So, are there any other ways we could store the positions of our conditions, which would allow us to insert a new one, or move one around, without having to renumber a bunch of other items?

Why yes, yes we can.

Instead of storing each position as an integer, we can instead store two numbers, and use the ratio of these two numbers as our ordering:

POSITION = ExpressionWrapper(
  models.F('position_a') / models.F('position_b'),
  output_field=models.DecimalField()
)


class PositionQuerySet(models.query.QuerySet):
    def with_position(self):
        return self.annotate(position=POSITION)

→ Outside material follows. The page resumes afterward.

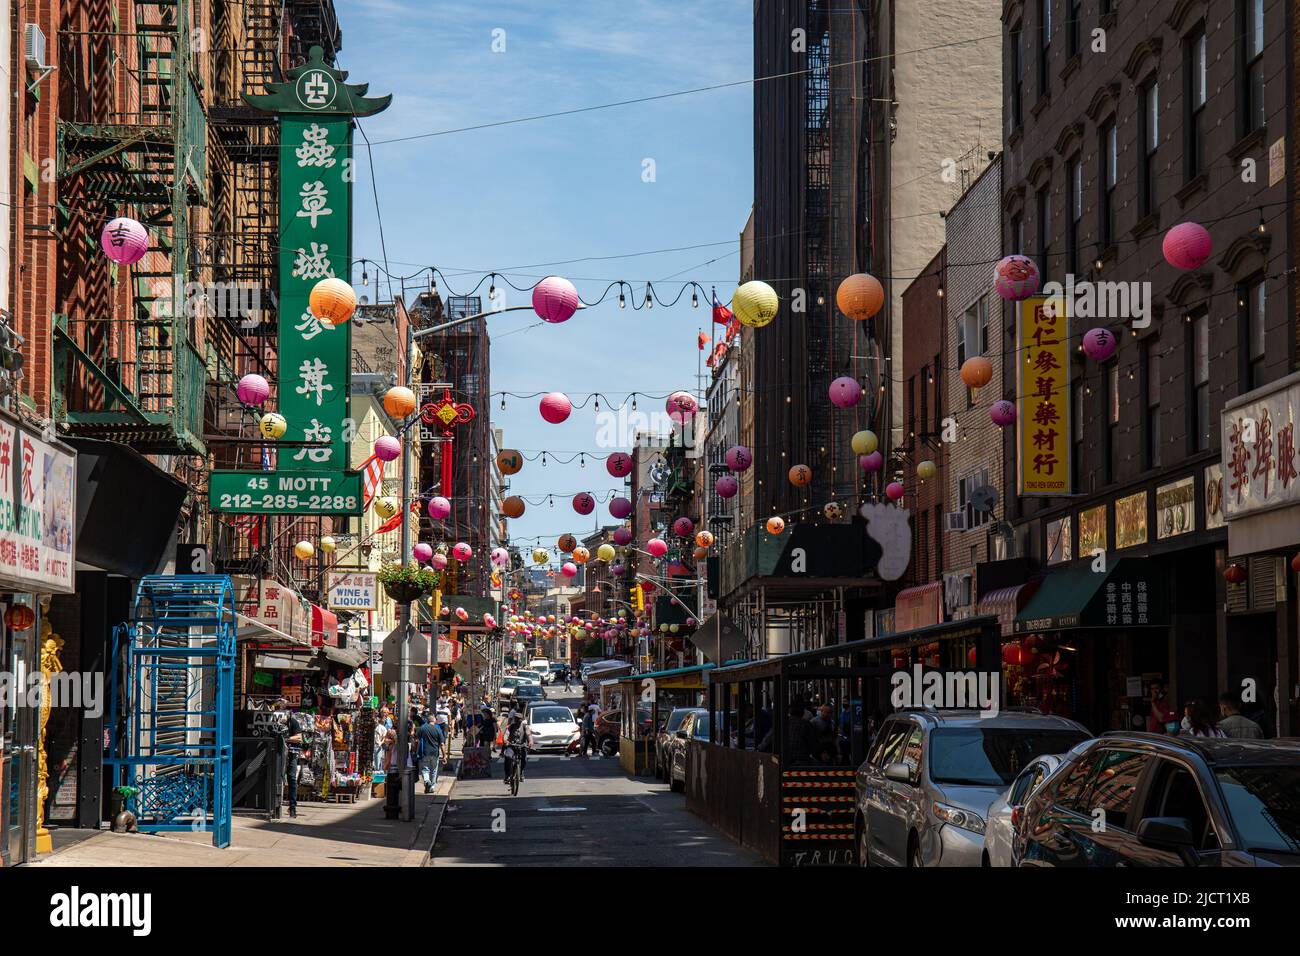 Mott Street street view in Chinatown, Manhattan, New York City, United States of America Stock Photo
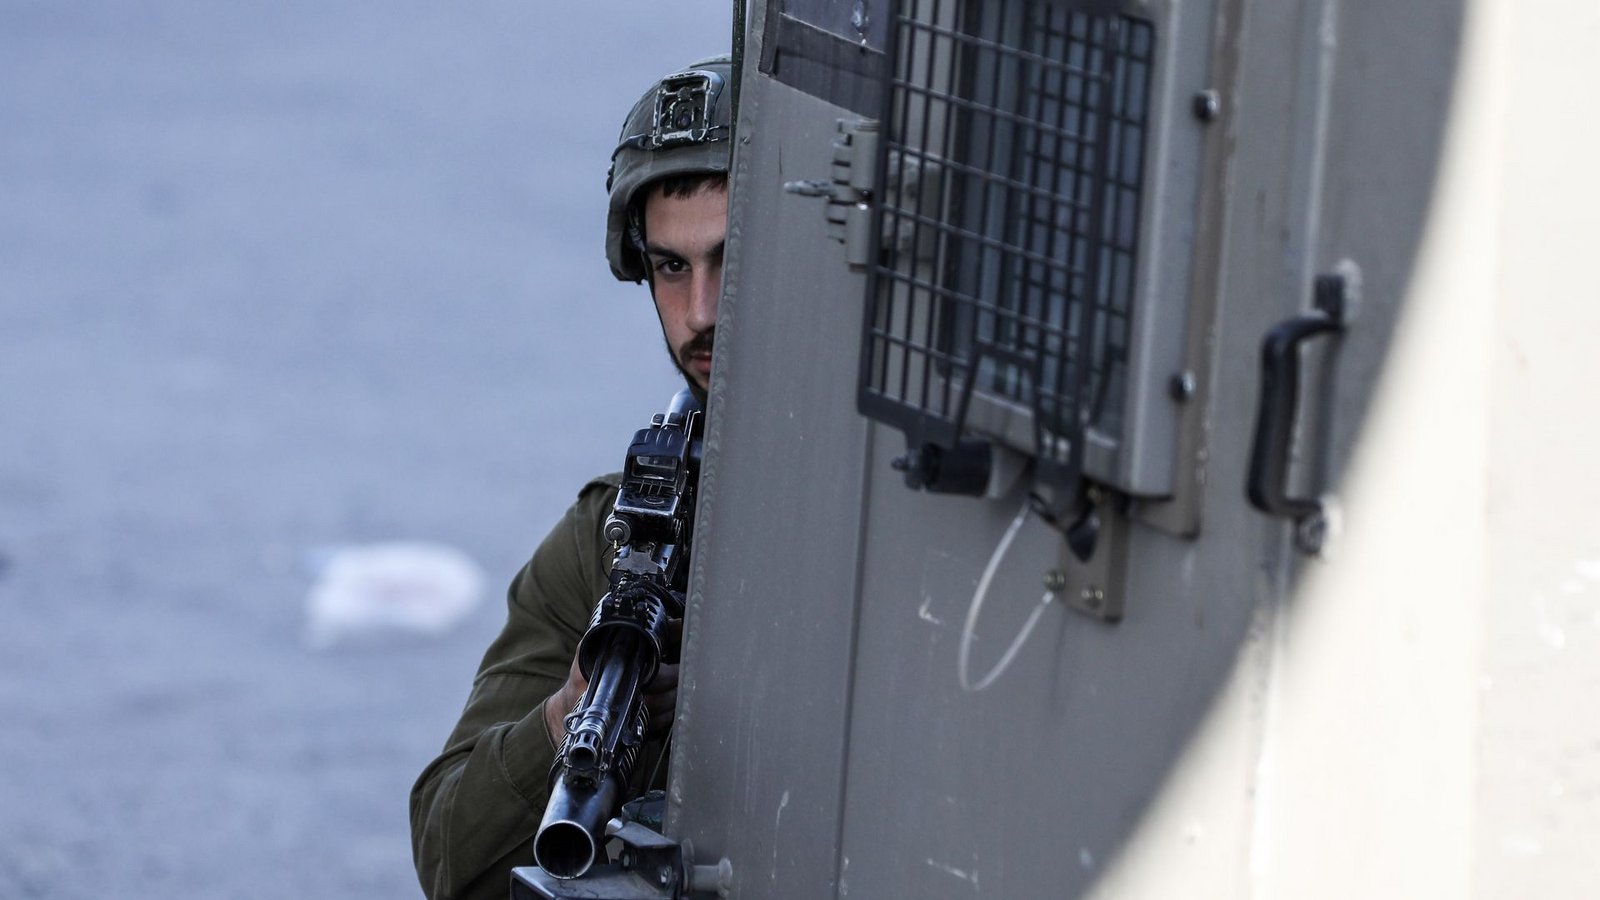 Ein israelischer Soldat im Einsatz im Westjordanland. (Symbolbild)Foto: Ayman Nobani/dpa

    def order_by_position(self):
        return self.order_by(POSITION)


class Condition(models.Model):
    name = models.TextField()
    penalty = models.DecimalField()
    position_a = models.IntegerField()
    position_b = models.IntegerField()

    class Meta:
      unique_together = (
        ('position_a', 'position_b'),  # In fact, this is not quite strict enough, more below.
      )

The logic behind this is that here is always the ability to find a fraction that is between two other fractions. Our initial “first” item can be given the values (1, 1), which will evaluate to 1.0

To place another item, we have three cases:

  • The new value is before the first item in the list.
  • The new value is between two existing items.
  • The new value is after the last item in the list.

Let’s look at how we can calculate the position for the newly added item:

  • Before the first item in the list:

    Increment the denominator (position_b), and use the same numerator (position_a).

    For instance, adding a new first value where our current first value is (1, 1) would give us (1, 2), which evaluates to 0.5, less than 1.0

  • After the last item in the list:

    Increment the numerator (position_a), and use the same denominator (position_b).

    For instance, adding a new value where the last value is (5, 1) would give us (6, 1), which evaluates to 6.0, greater than 5.0

  • Inserting an item between two existing items.

    Use the sum of the two numerators (position_a) as the numerator, and the sum of the two denominators (position_b) as the new denominator. Optionally, you can then simplify this fraction if there are common factors.

    For instance, if we have two values (1, 4) and (5, 1), we can make a new value (6, 5), which evaluates to 1.2, which is between 0.25 and 5.0.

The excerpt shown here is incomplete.